Offenen und sachlichen Dialog angemahnt
Der FDP-Politiker mahnte einen
offenen und sachlichen Dialog mit der Bevölkerung an. Vielfach hätten
die Landwirte ein Problem damit, dass in der Bevölkerung die Vorstellung
bestehe, dass Pflanzenschutzmittel einfach weggelassen werden und auf
Ökolandbau umgestellt werden könnte. Das sei aber eine Illusion. „Mit
dem Insektenschutzprogramm sind wir an der Grenze der Existenz der
Landwirte. Wir müssen der Bevölkerung klar machen, worum es geht”, so
Wissing.
Wissing stellte sich hinter die Proteste der Landwirte (siehe Kasten).

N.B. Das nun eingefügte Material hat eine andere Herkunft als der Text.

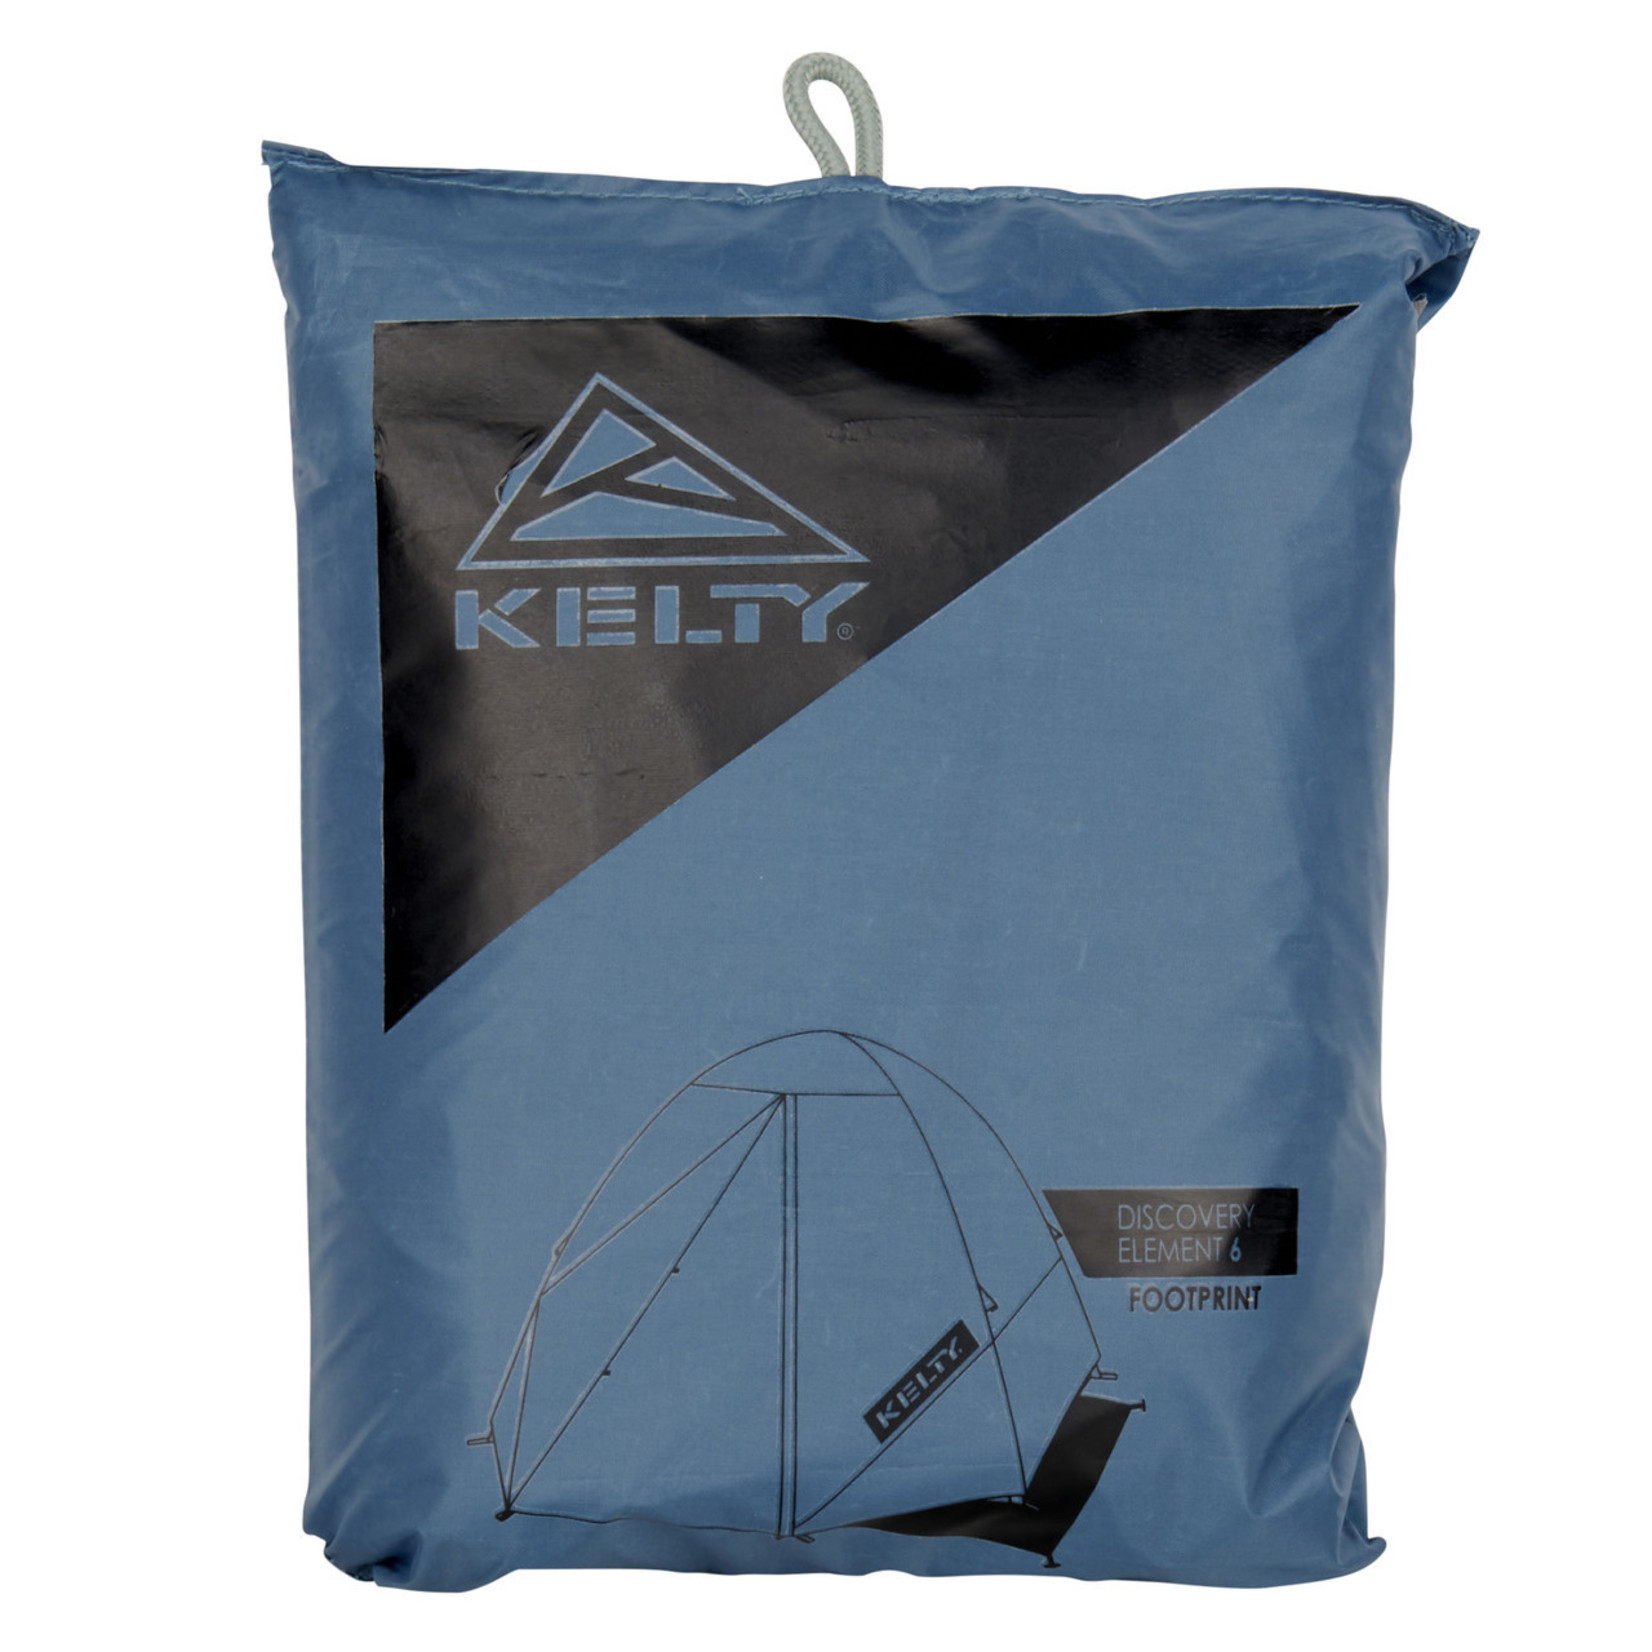 Kelty Kelty Discovery Element 6 Tent Footprint

Aus seiner Sicht sind viele Forderungen, die der DBV zur AMK erhoben
hat, „berechtigt”. Der Liberale sprach sich für einen nationalen Agrar-
und Klimarat aus, in dem Fachleute unterschiedlicher Disziplinen
vertreten sein sollten, vor allem aber auch Bauern, um
landwirtschaftliche und umweltpolitische Ziele im Dialog mit den
Betroffenen miteinander in Einklang zu bringen.
Stimmung „völlig am Boden”
Zahlreiche Landwirte aus mehreren Landesbauernverbänden sowie der Deutsche Bauernverband (DBV) hatten im Umfeld der AMK ihren Unmut im Rahmen einer Kundgebung deutlich gemacht. DBV-Präsident Joachim Rukwied bekräftigte dort seine Forderung nach einer grundsätzlichen Überarbeitung des „Aktionsprogramms Insektenschutz”. „Es ist zwingend notwendig, dass in diesem Programm der Kooperation ausdrücklich Vorrang vor dem Ordnungsrecht eingeräumt wird”, stellte der Bauernpräsident klar. Der Präsident des Bayerischen Bauernverbandes (BBV), Walter Heidl, wies darauf hin, dass die Stimmung bei den Bauern und ihren Familien „völlig am Boden” sei. Mit der Frequenz und Tiefe der Regelungsvorschläge von einseitigen und völlig überzogenen Punkten auf allen Ebenen müsse jetzt Schluss sein, forderte Heidl. Der Hessische Bauernverband (HBV) betonte, dass die Landwirte zum Insektenschutz stünden. Ein Indiz dafür sei die zunehmende Anlage von Blühstreifen auf Ackerflächen. Anstatt diese Bemühungen anzuerkennen und gemeinsam mit den Bauern weiterzuentwickeln, setzten die verantwortlichen Bundesministerinnen Svenja Schulze und Klöckner primär auf das Ordnungsrecht und Verbote.
Der Rheinische Landwirtschafts-Verband (RLV) kritisierte, dass ordnungsrechtliche Maßnahmen für alle Bereiche des Wirtschaftens auf Hof und Feld derzeit von der Politik „rücksichtslos vorangetrieben” würden, anstatt mit den Landwirten sinnvolle und geeignete Wege zu gestalten. Der Hauptgeschäftsführer des Bauernverbandes Mecklenburg-Vorpommern, Dr. Martin Piehl, erklärte anlässlich der AMK, dass das beschlossene Agrarpaket für viele Landwirte „ein Schlag ins Gesicht” sei. In den vergangenen Jahren habe der Berufsstand mit der Politik einen erfolgreichen Kooperationsnaturschutz aufgebaut. Piehl warf nun die Frage auf, ob diese Anstrengungen der Landwirte von Schulze und Klöckner völlig in Frage gestellt würden.